> **Data to process**:
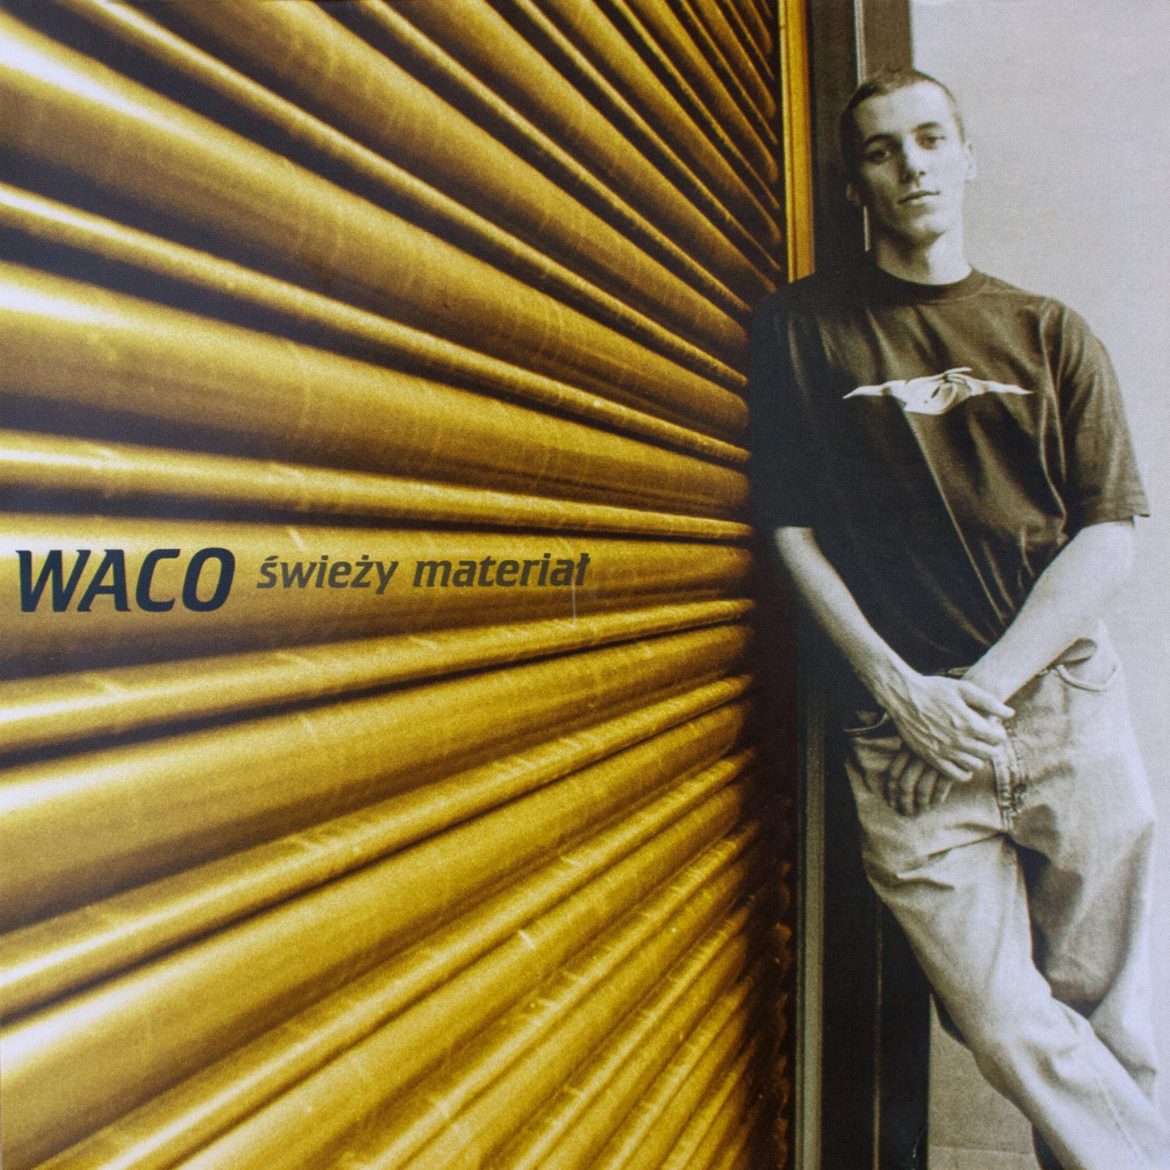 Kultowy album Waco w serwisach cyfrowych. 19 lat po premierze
...
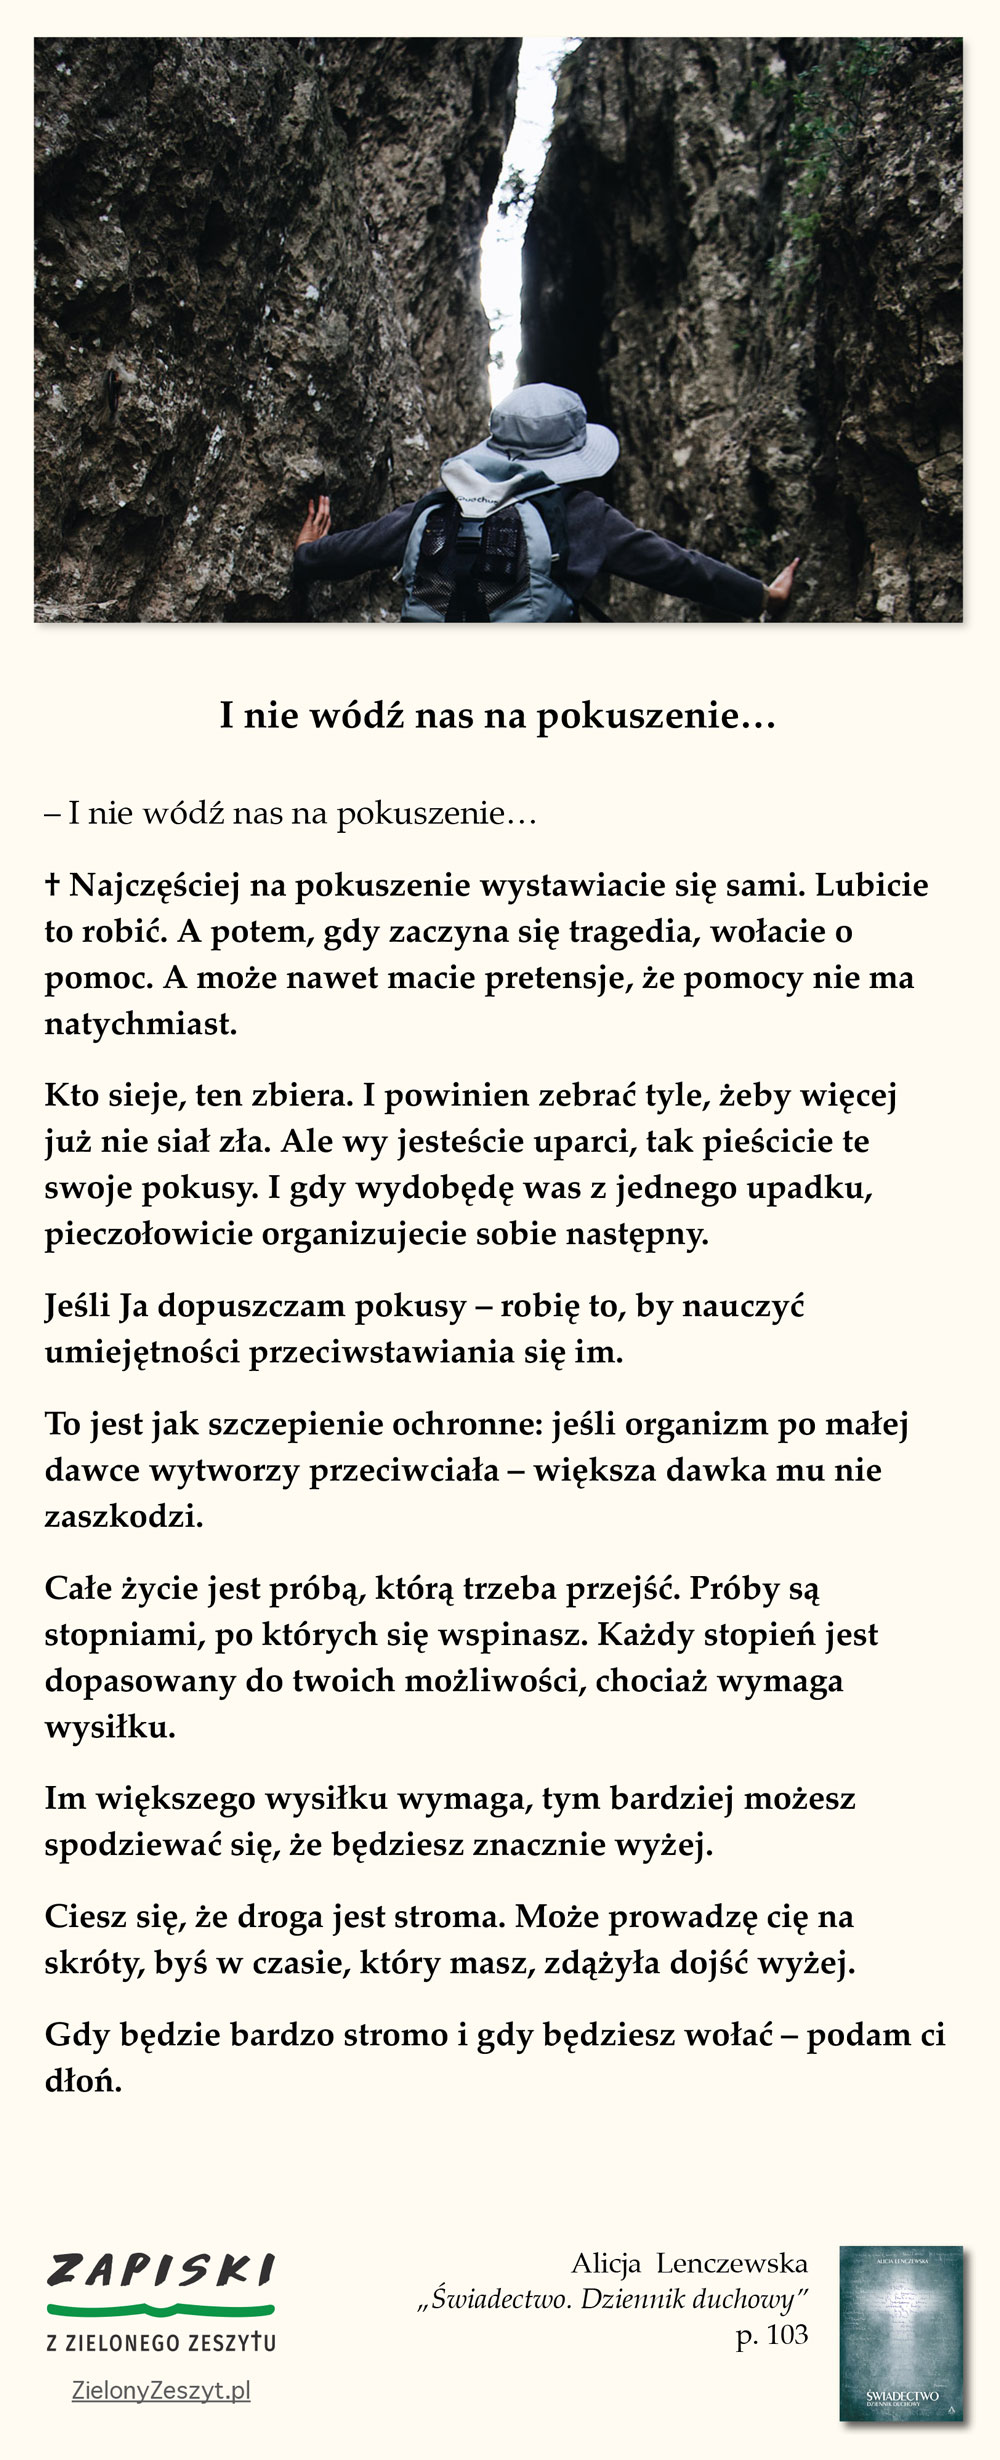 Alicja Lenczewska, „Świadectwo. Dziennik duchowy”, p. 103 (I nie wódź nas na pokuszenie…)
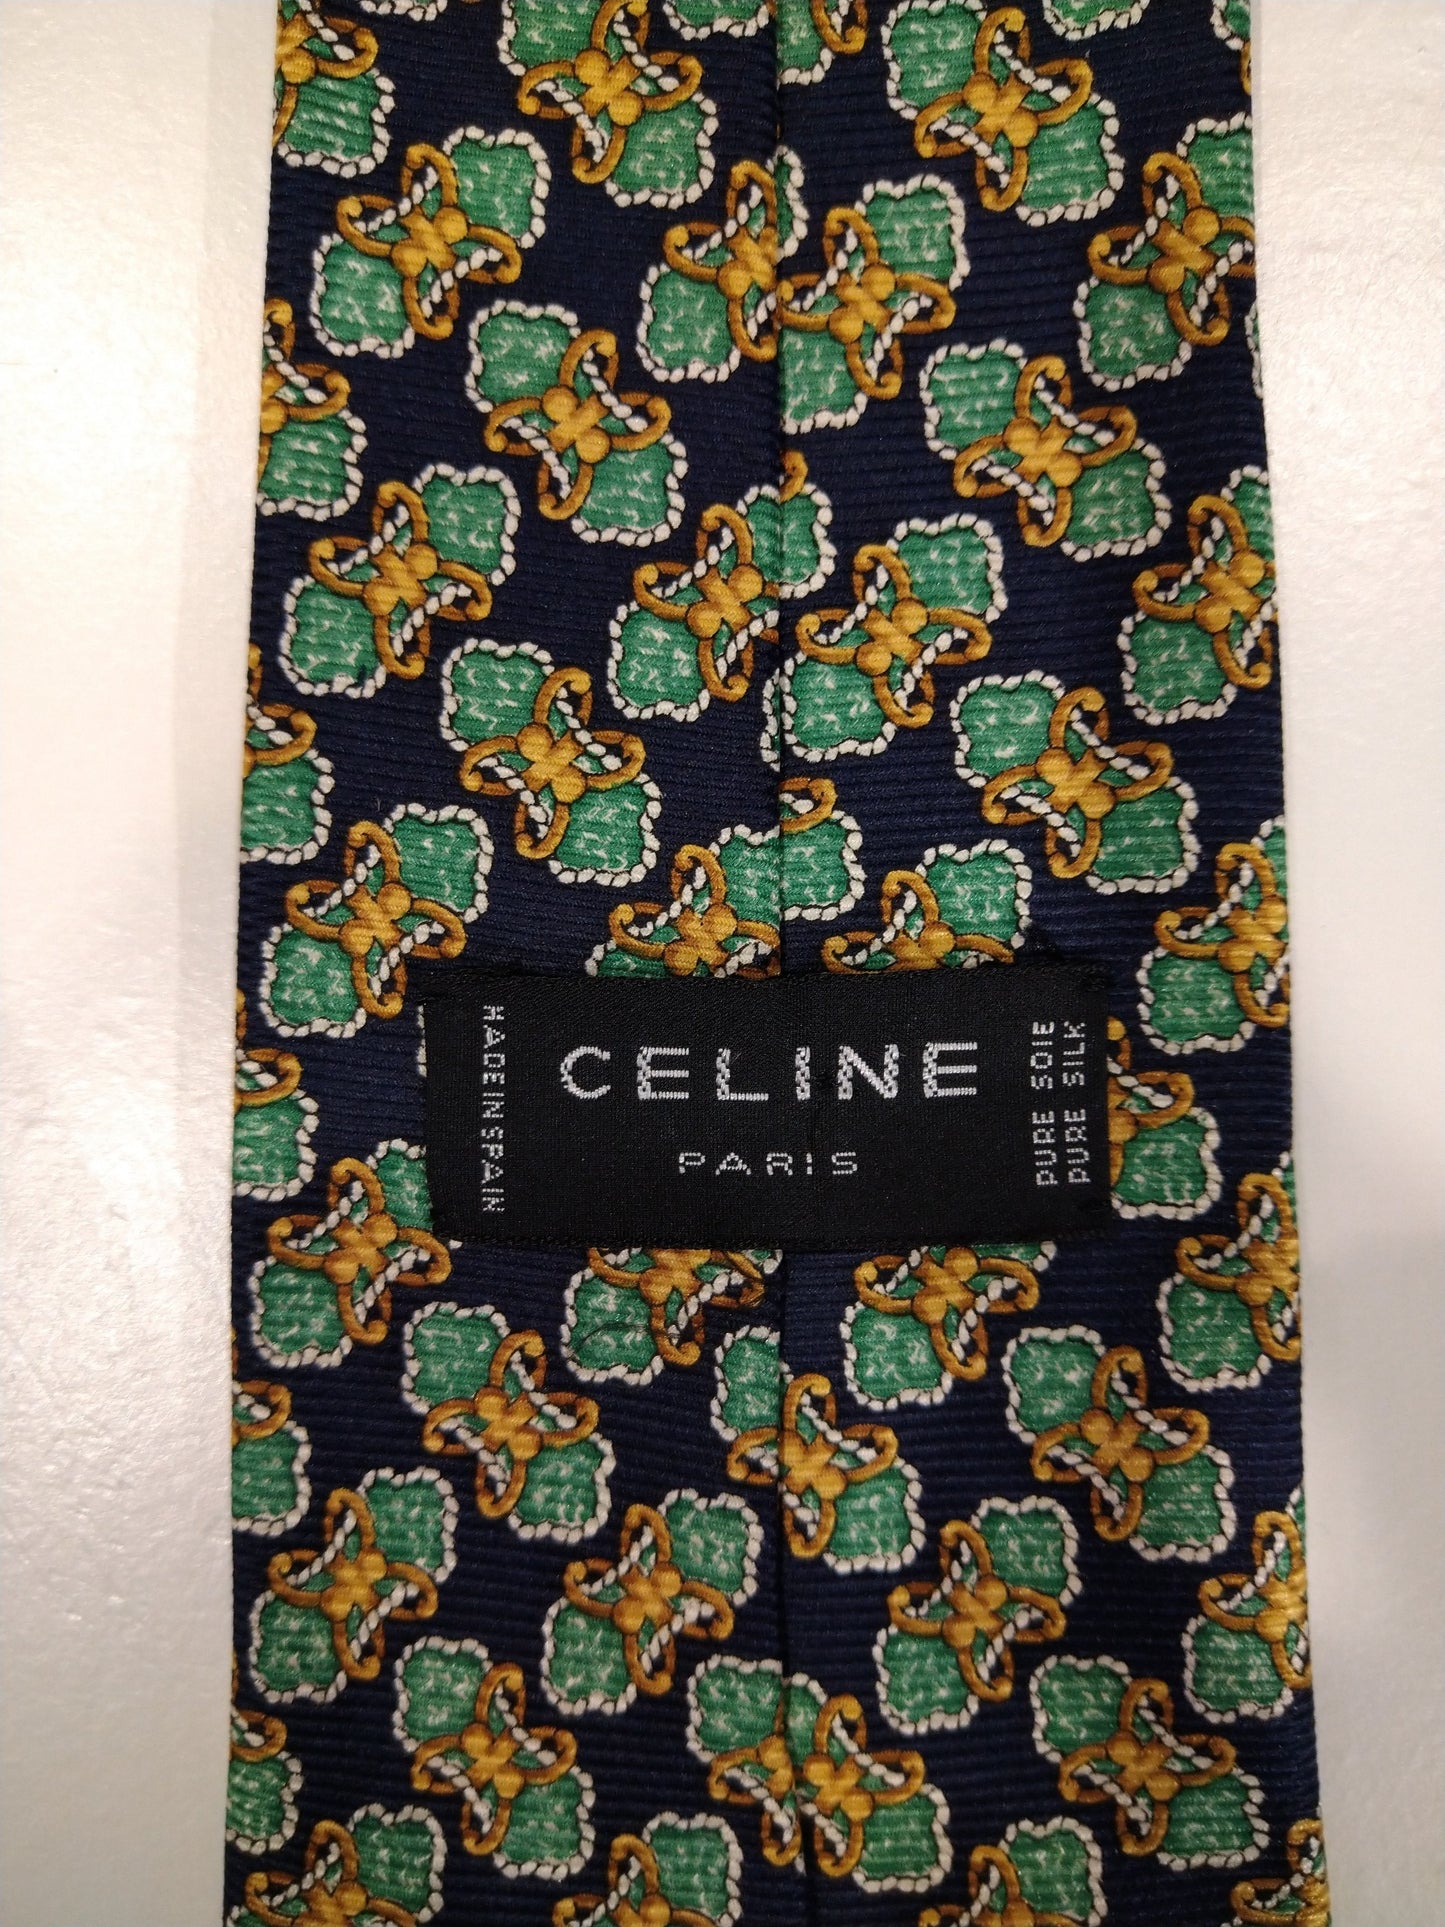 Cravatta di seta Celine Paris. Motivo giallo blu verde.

> **What you should do**: Each line from the one that contains "Alicja Lenczewska, „Świadectwo." down to the one that contains "Cravatta di seta" is to be returned exactly as it stands above, both ends included, with pictures removed.

> **Finished task**:
 Alicja Lenczewska, „Świadectwo. Dziennik duchowy”, p. 103 (I nie wódź nas na pokuszenie…)
 Cravatta di seta Celine Paris. Motivo giallo blu verde.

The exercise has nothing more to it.